Since I learned data structures in languages with pointers (C, pascal)
I'm stuck. How does one go about constructing a list of records in
python? My python is still pretty weak. I understand how the lists
work (a lot like Perl). I understand that you can use objects as
records. I don't really get the full OOP though. I guess that you
can't make record anonymous in python? Is that right? Can you have
pointers?

When I was learning Perl I found a manual page on this. Couldn't find a
example for Python. Hope that doesn't mean it can't be done.

Any hints are welcome!!

(reply to email and group)

Thanks.

Search Discussions

  • David Goodger at Jul 29, 2000 at 4:10 am

    on 2000-07-28 22:57, gbp (gpepice1 at nycap.rr.com) wrote:
    I need to write a script to read a large text file into a structured
    format.
    file = open('filename', 'r') # read-only, text mode
    lines = file.readlines()

    This gives you a list of strings, one per line from the file. Now, what
    would you like to do with the text?

    For an alternate method, look at the "fileinput" module (standard library).
    It provides an interface kind of like Perl I/O loops.

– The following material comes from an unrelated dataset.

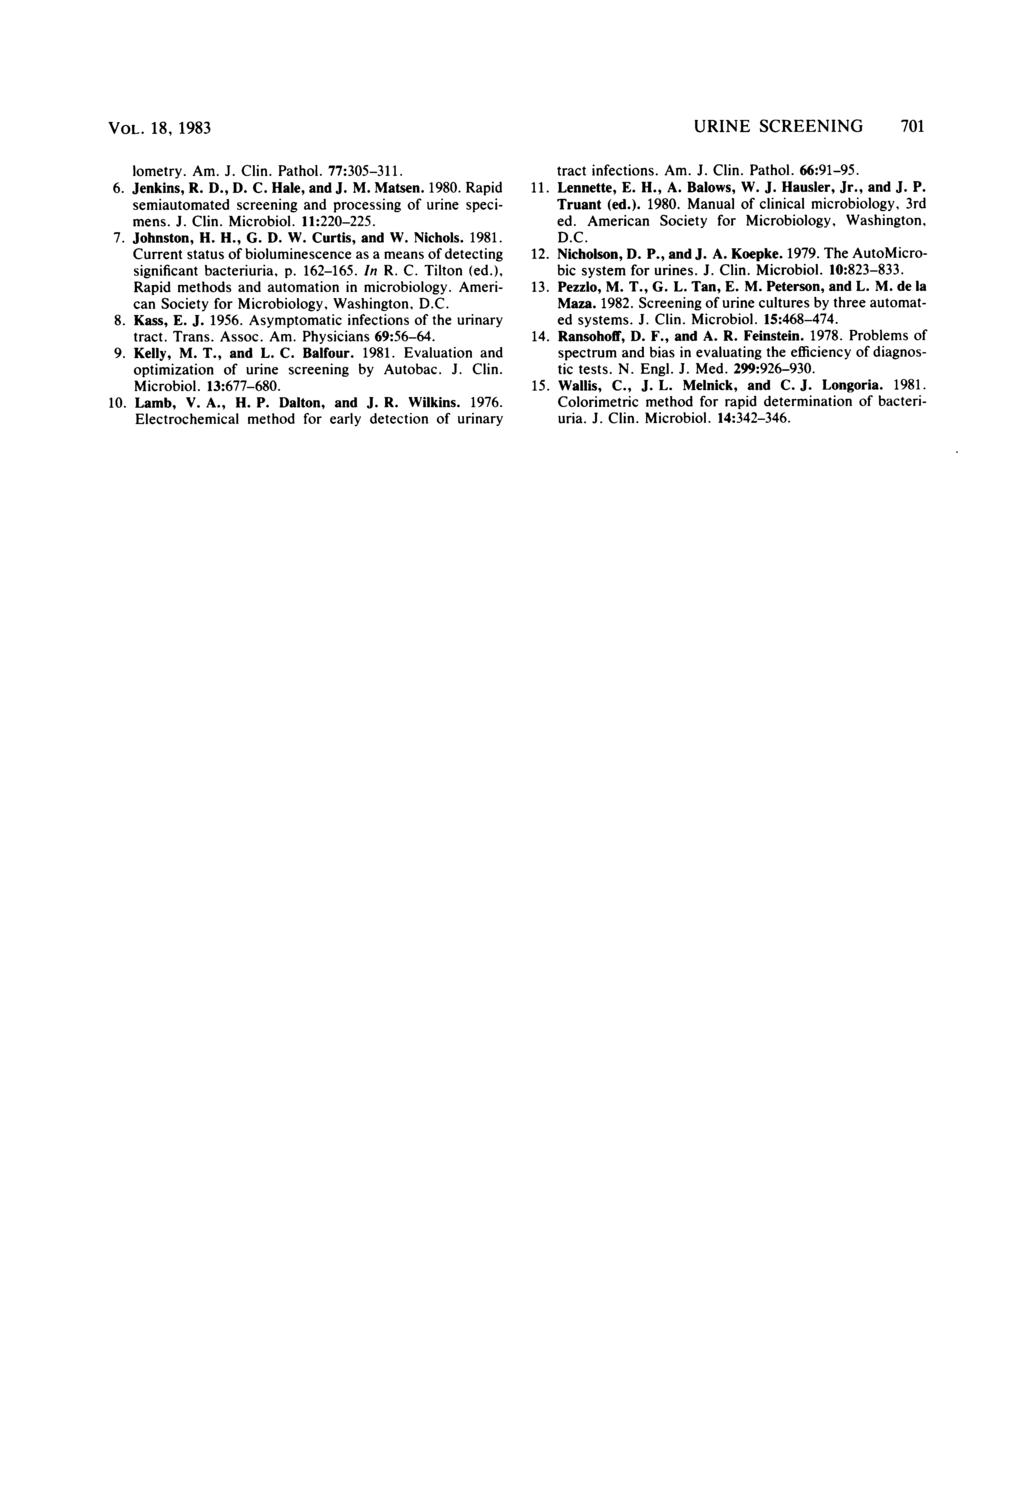 VOL. 18, 1983 lometry. Am. J. Clin. Pathol. 77:305-311. 6. Jenkins, R. D., D. C. Hale, and J. M. Matsen. 1980. Rapid semiautomated screening and processing of urine specimens. J. Clin. Microbiol.
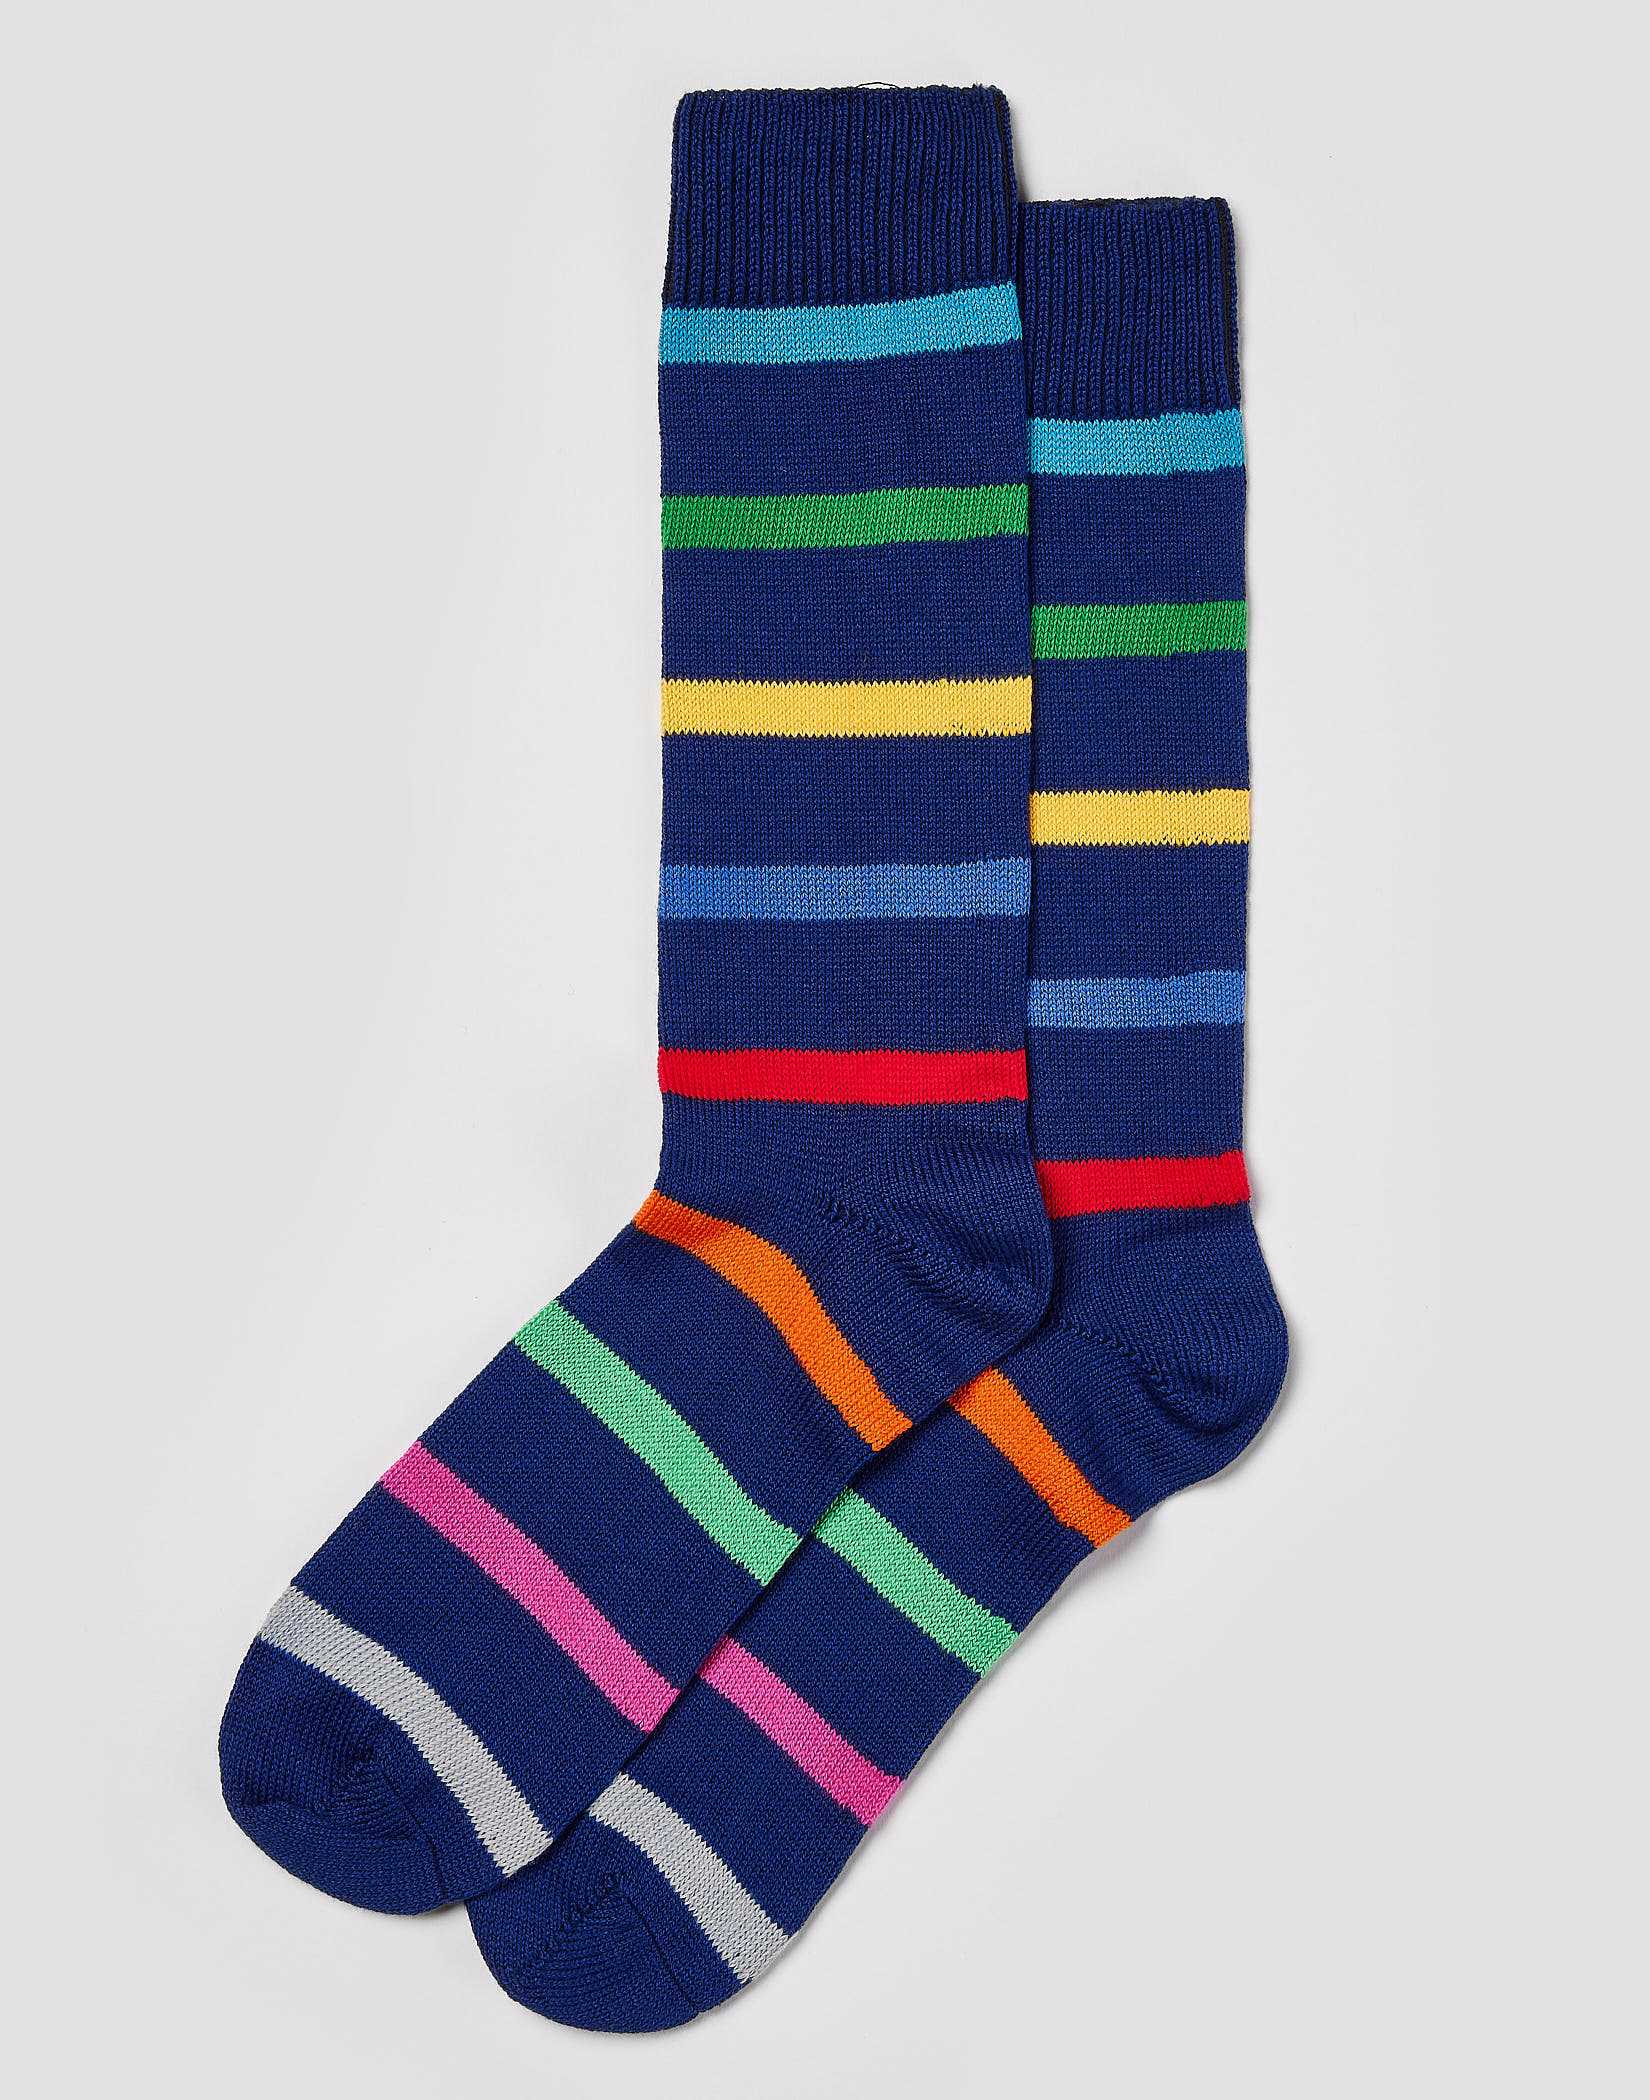 Men's Accessories | Classic Wool & Cotton Socks for Men - Joseph Turner

    As for pointers, you must unlearn what you have learned. :> In Python,
    everything is an object, variables are just names that are bound to objects,
    and pointers are implicit, so you don't have to reference or dereference
    anything. Want a list of lists? A list of dictionaries (hashes/associative
    arrays) containing lists of complex numbers and strings? No problem. Give us
    the details of where you're stuck and we'll help.

    --
    David Goodger dgoodger at bigfoot.com Open-source projects:
    - The Go Tools Project: http://gotools.sourceforge.net
    (more to come!)
  • Kirby Urner at Jul 29, 2000 at 4:53 am

    gbp wrote:
    Hi all,

    I have experience with Perl but non with Python.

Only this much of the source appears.